大多数生物利用氧气将食物转化为能量。然而,在氧气很少或没有氧气的环境中,生命找到了其他产生能量的方法,即使用一种称为发酵的过程。

研究人员建立发酵原核生物的交互式综合数据库

发酵代谢发生在反刍动物肠道、沉积物和厌氧生物反应器等环境中。除了产生生物体可以用来繁衍的能量外,该过程还可以产生其他最终产品,包括生物燃料和其他生物产品。

为了更好地了解依赖这种新陈代谢形式的细菌和古细菌的范围,研究人员最近编制了一份清单,其中包含来自多个来源的 8,300 多种生物体,其中包括美国能源部 (DOE) 联合基因组研究所 (JGI)科学用户设施办公室位于劳伦斯伯克利国家实验室(伯克利实验室)和能源部系统生物学知识库(KBase)。

他们还构建了一个交互式浏览器,允许其他研究人员研究基因组并预测可能在缺氧或无氧环境中繁衍生息的微生物的代谢能力。该研究发表在《科学进展》上。

加州大学戴维斯分校和加州大学圣巴巴拉分校的研究人员从文献中生成了具有发酵代谢功能的原核生物列表。然后,他们使用 JGI 的 GOLD 和 IMG 数据门户来获取有关列表中生物体的基因组和基因的信息。
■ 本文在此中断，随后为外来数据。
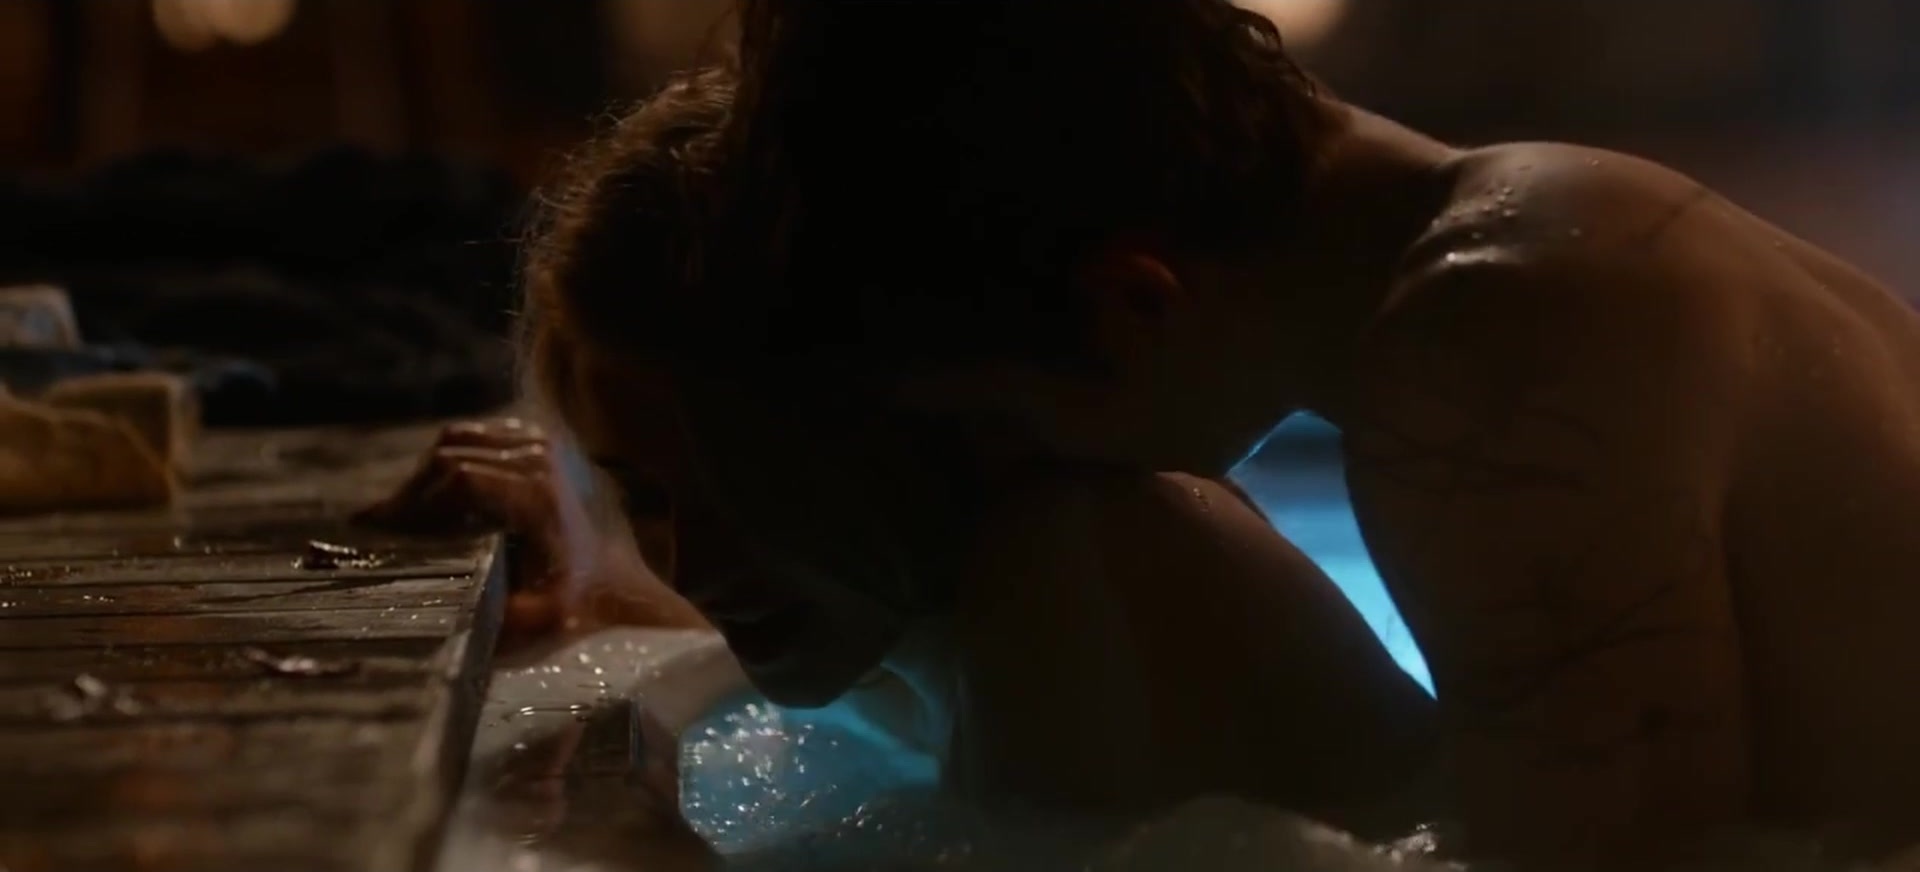 Josephine Langford has sexy moments in the movie “After We Fell” which was ...

他们还在 IMG/M 中搜索了属于每个基因组的所有蛋白质编码基因。

最终数据集(研究界可以通过在线交互式浏览器获取)包含 8,350 个生物体的表型记录以及 4,355 个基因组和 1,360 万个基因。结果表明,三分之一的原核生物存在发酵代谢,可形成大约 300 种代谢物组合。

为了演示该浏览器的潜在实用性,该团队使用 Fermentation Explorer 和一系列大型数据集。一项测试是预测 Hungate1000 项目中 400 多种培养的瘤胃原核生物的性状。他们还使用该工具预测 733 个宏基因组组装的瘤胃基因组的可能功能。最后,他们使用该工具预测了五种以前未表征的原核生物的发酵最终产物,其中包括他们实验室分离的两种细菌。

KBase 用于快速组装和注释这两个分离株的分类和功能。组合的分类学和功能注释用于预测这些基因组的最终产物。然后,该团队培养了这些生物体,发现预测的最终产品与实际的最终产品基本一致。